The bottom and sides are sewn together so that you can just drop in a bento box and any other lunch gear, then simply knot the top to close it securely (similar to the Otsukai Tsutsumi illustrated in this cool wrapping chart). I’ve used furoshiki, cloth napkins, and dish towels to tie flimsy bento lunches together and throw into a backpack before, but I can see this being a fun way to ease a child into lunch wrapping without a lot of skill involved. I’d seen a similar Shinkansen-themed lunch bag on Amazon before, but it hadn’t really sunk in that this was how it was supposed to be used — now I get it! Ingenious. (Click on any of the photos for a larger view.)

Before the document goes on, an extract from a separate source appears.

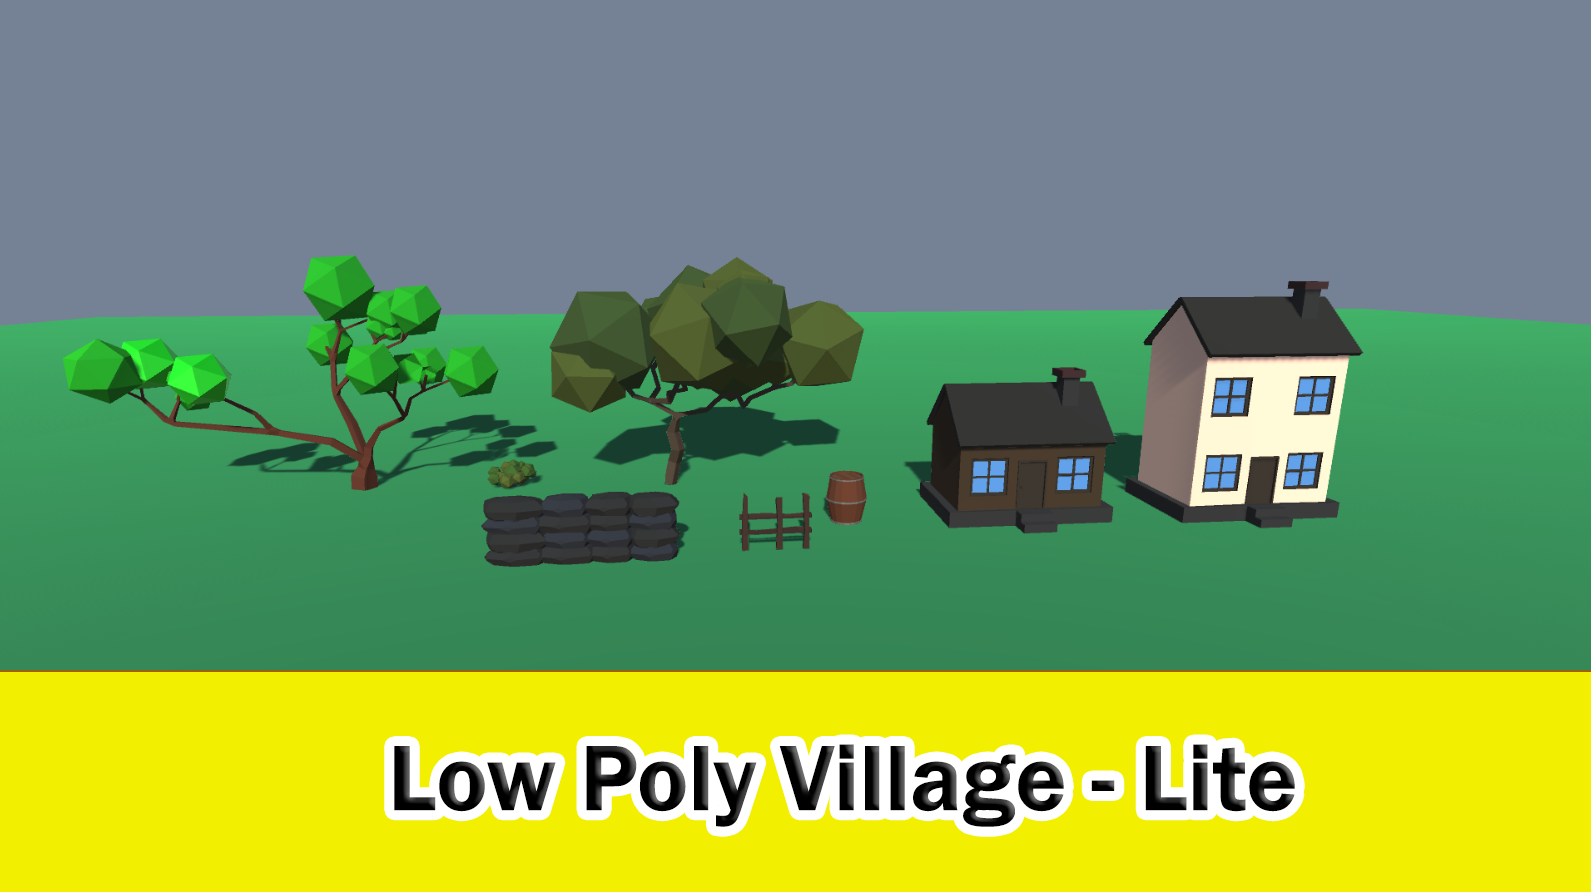 Low Poly Village - Lite
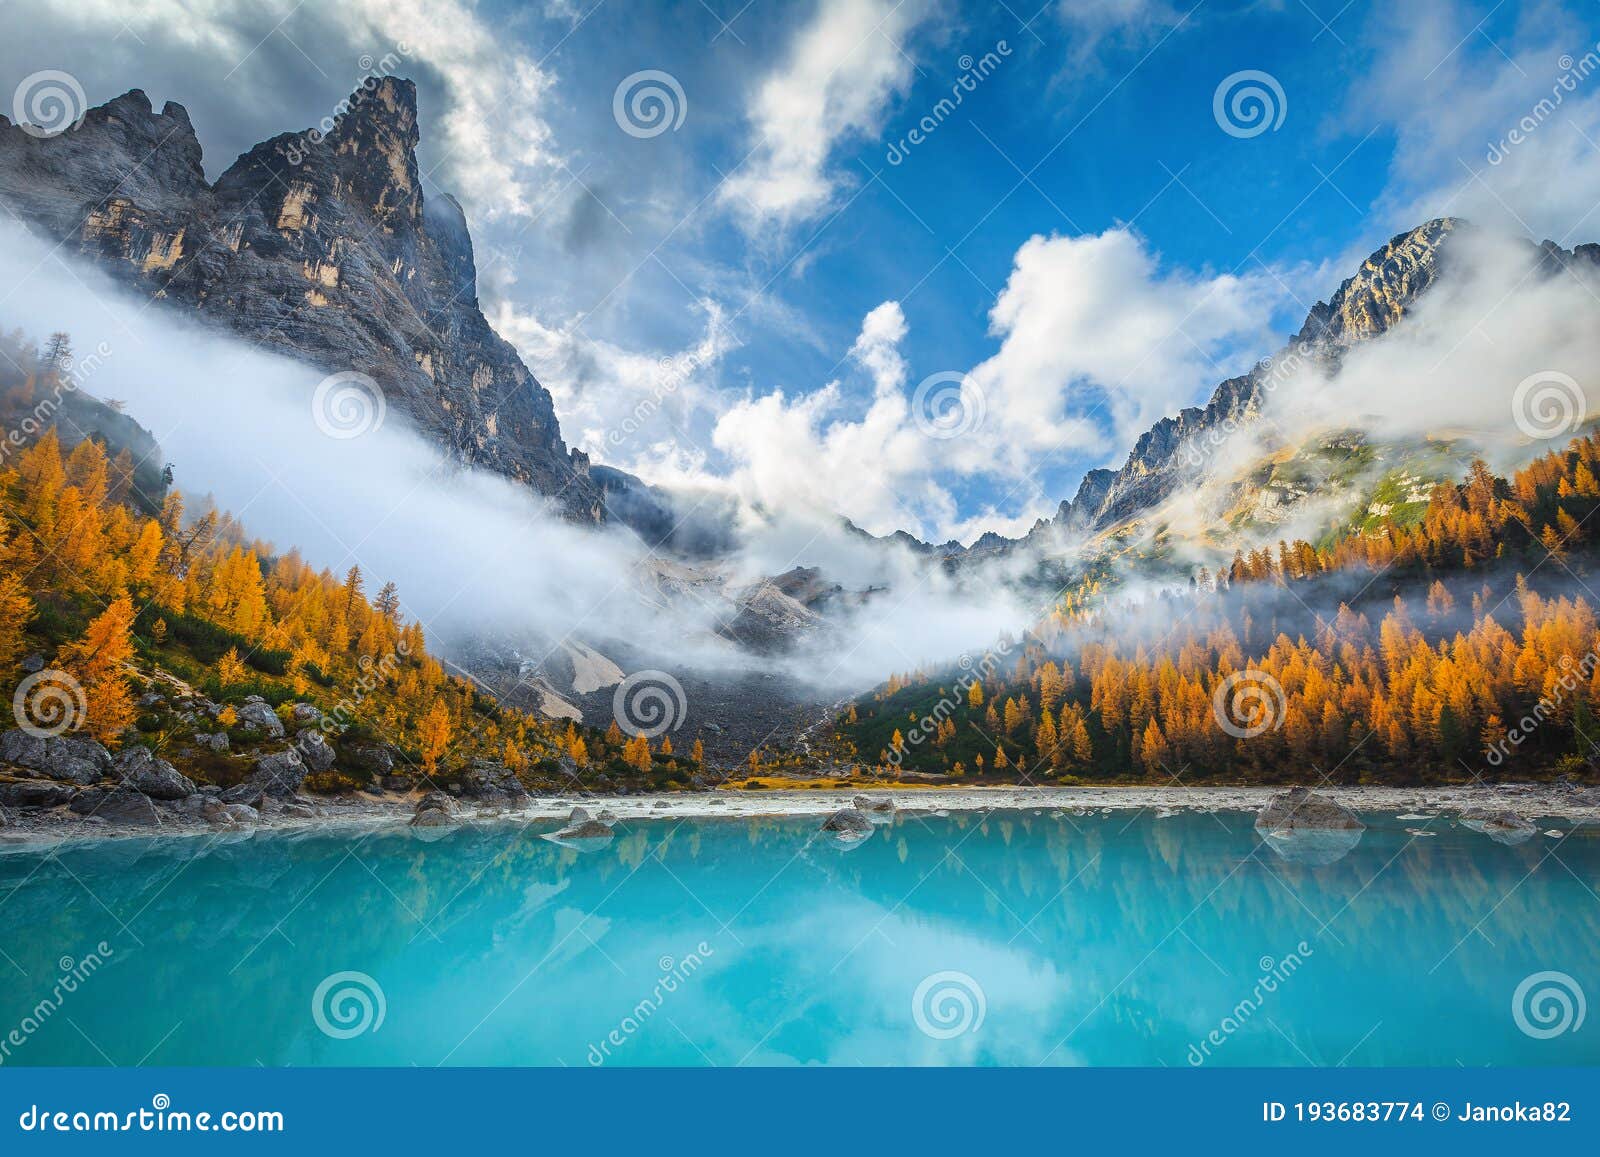 amazing misty autumn scenery with lake sorapis, dolomites, italy

Here I put Bug’s two-tier pasta lunch inside (shown below), along with a fork, cloth napkin, and damp oshibori hand towel and case. It looks cool, but he went on strike when I asked him to practice opening it, and requested his new Cars lunch bag instead (”I can use just two fingers to open that one!”). We’ll practice some more before I send him to preschool with it so I can be sure he can open it by himself, but it’s hard to compete with Cars!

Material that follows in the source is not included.